Während das Pony des Prinzen gesattelt wurde, stellte man am gegenüberliegenden Ende der Bahn die Stechpuppe auf. Tommens Gegner war ein Lederkrieger von der Größe eines Kindes, der mit Stroh ausgestopft war, auf einem drehbaren Zapfen saß und in der einen Hand einen Schild und in der anderen eine gepolsterte Keule hielt. Jemand hatte ihm ein Geweih am Kopf befestigt. Joffreys Vater, König Robert, hatte ein Geweih an seinem Helm getragen, erinnerte sich Sansa… aber ebenso sein Onkel Lord Renly, Roberts Bruder, der Hochverräter, der sich selbst zum König gekrönt hatte.
Zwei Knappen schnallten dem Prinzen die verzierte silberne und purpurrote Rüstung an. Ein hoher Federbusch wuchs aus der Spitze des Helms, und auf dem Schild tummelten sich der Löwe der Lannisters und der gekrönte Hirsch des Hauses Baratheon. Die Knappen halfen Tommen beim Aufsteigen, und Ser Aron Santagar, der Waffenmeister des Red Keep, trat vor und reichte ihm ein stumpfes, silbernes Langschwert mit blattförmiger Klinge in der Größe, die eine achtjährige Hand halten konnte.

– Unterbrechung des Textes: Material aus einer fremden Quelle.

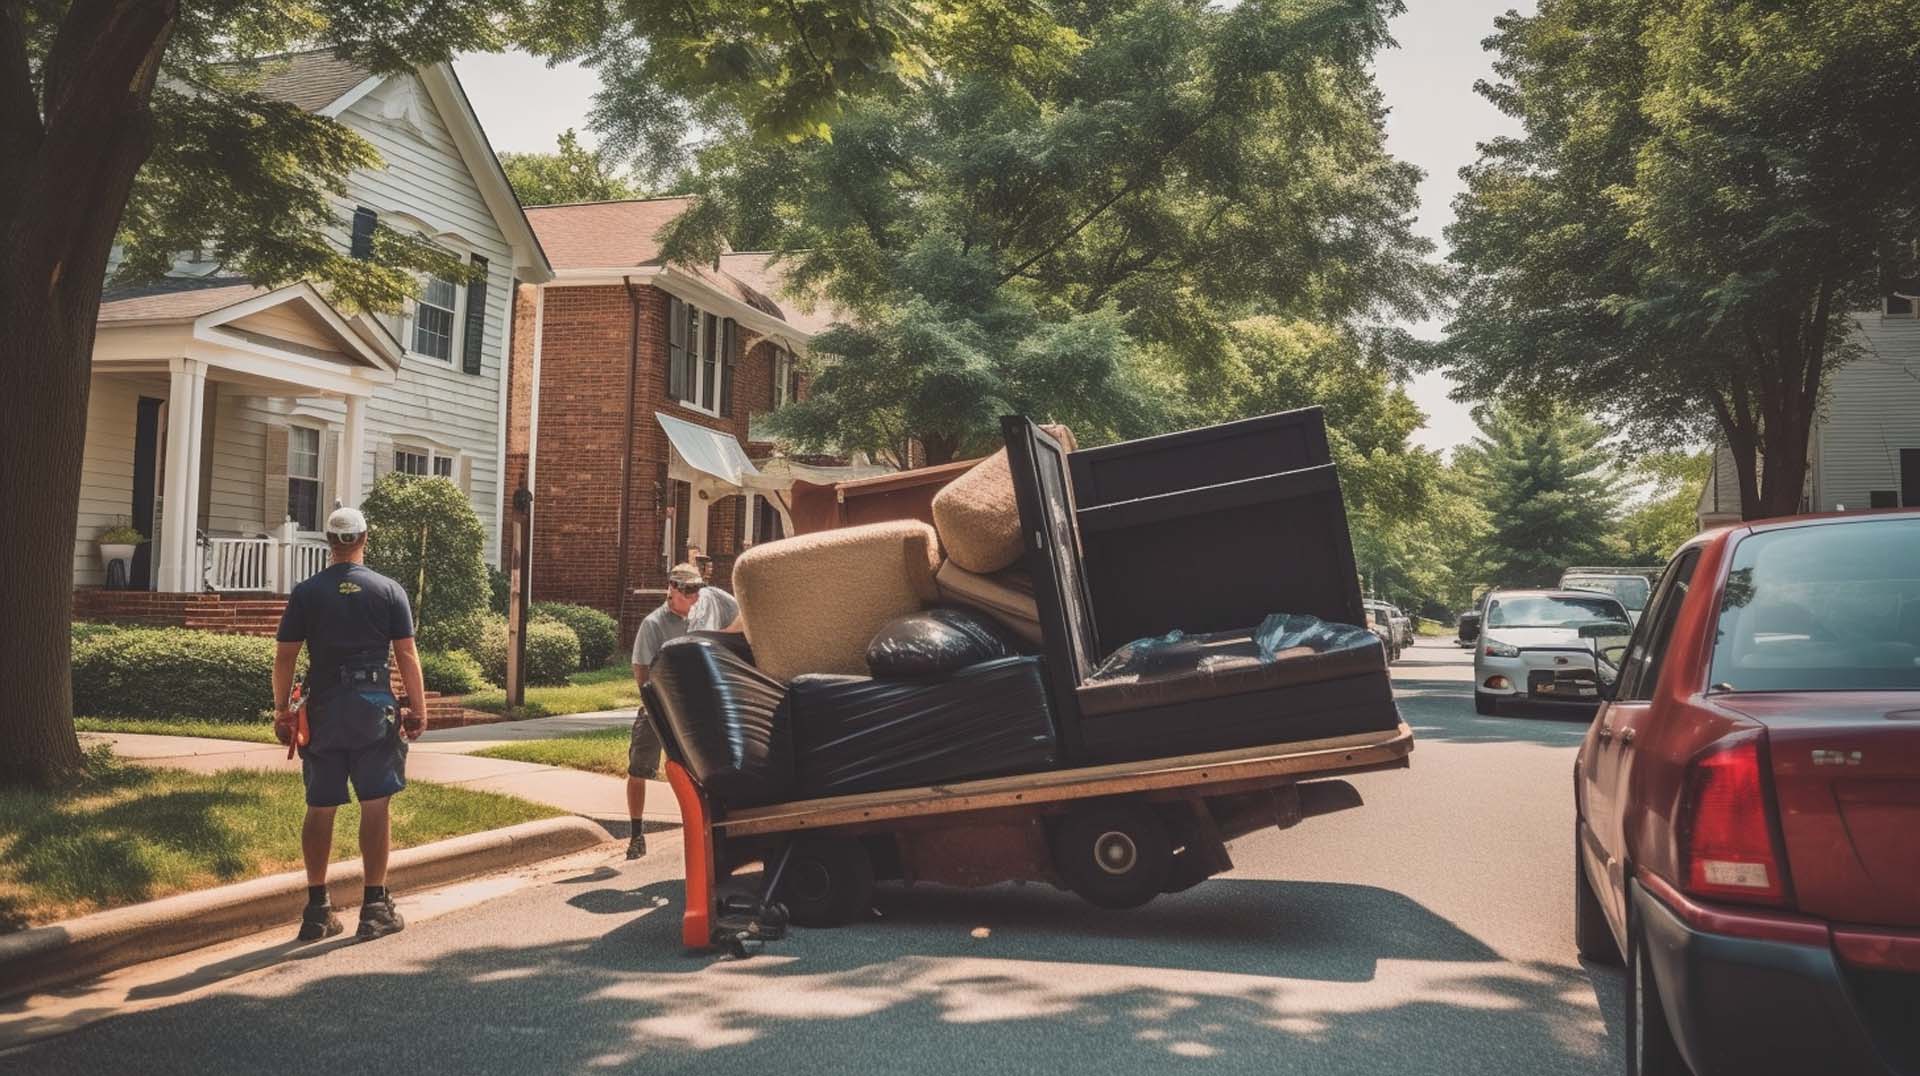 How to Find a Reputable Junk Removal Company in Longueuil, Quebec
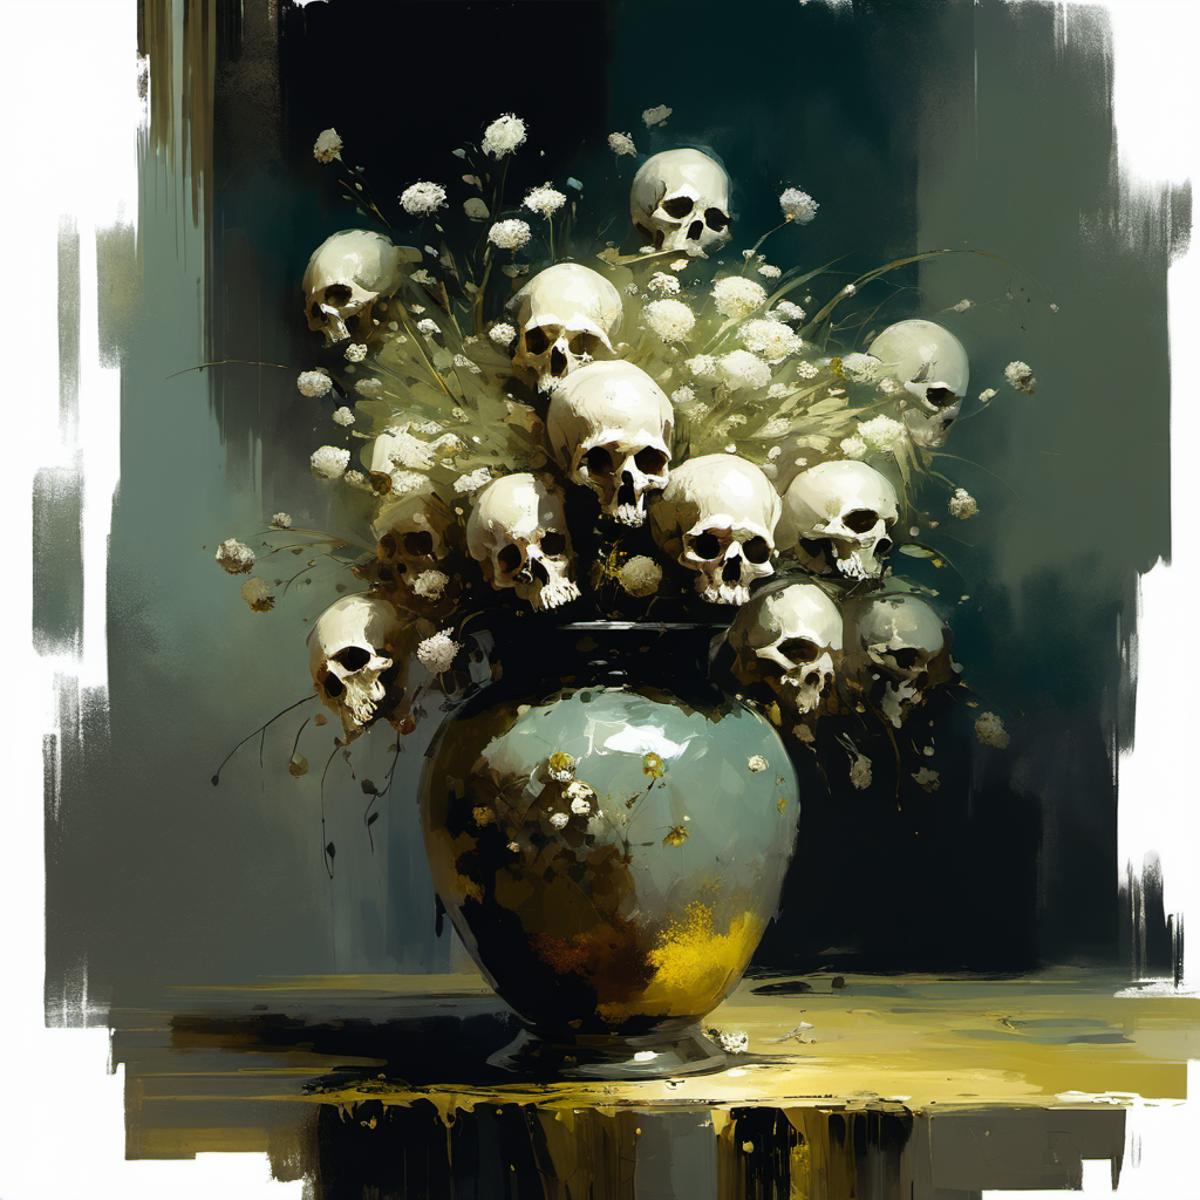 A Painting of a Black Vase Filled with White Flowers and Skulls as Decorations

Tommen hob das Schwert.»Casterly Rock!«rief er mit seiner schrillen Knabenstimme, gab dem Pony die Sporen und ritt über die gestampfte Erde auf die Stechpuppe zu. Lady Tanda und Lord Gyles stimmten schwachen Jubel an, und Sansa fiel in ihre Anfeuerungen mit ein. Der König brütete schweigend vor sich hin.
Tommen brachte sein Pony zum flotten Trab, fuchtelte heftig mit dem Schwert und versetzte dem Schild des Ritters im Vorbeireiten einen kräftigen Hieb. Die Stechpuppe drehte sich, die gepolsterte Keule schwang herum und traf den Prinzen hart am Hinterkopf. Tommen flog aus dem Sattel, und seine neue Rüstung klapperte wie ein Sack voll alter Töpfe, als er auf dem Boden landete. Das Schwert fiel ihm aus der Hand, das Pony rannte durch den Burghof, und sofort erhob sich spöttisches Geschrei. König Joffrey lachte am längsten und lautesten.
«Oh!«rief Prinzessin Myrcella. Sie kletterte aus der Loge und lief zu ihrem kleinen Bruder hinunter.
Sansa verspürte in ihrer Ausgelassenheit plötzlich eigentümlichen Mut.»Ihr solltet sie begleiten«, sagte sie zum
König.»Euer Bruder könnte verletzt sein.«
Joffrey zuckte mit den Schultern.»Und wenn schon?«
«Ihr könntet ihm aufhelfen und ihm sagen, wie gut er geritten ist. «Sansa vermochte ihre Zunge nicht im Zaum zu halten.
«Er ist vom Pferd geworfen worden und im Dreck gelandet«, wandte der König ein.»Das verstehe ich nicht gerade unter >gut gerittene.«
«Seht«, unterbrach ihn der Bluthund.»Der Junge hat Mut. Er versucht es noch einmal.«
Sie halfen Prinz Tommen, abermals aufzusteigen. Wenn doch nur Tommen an Joffreys Statt der Ältere wäre, dachte Sansa. Ihn würde ich gern heiraten.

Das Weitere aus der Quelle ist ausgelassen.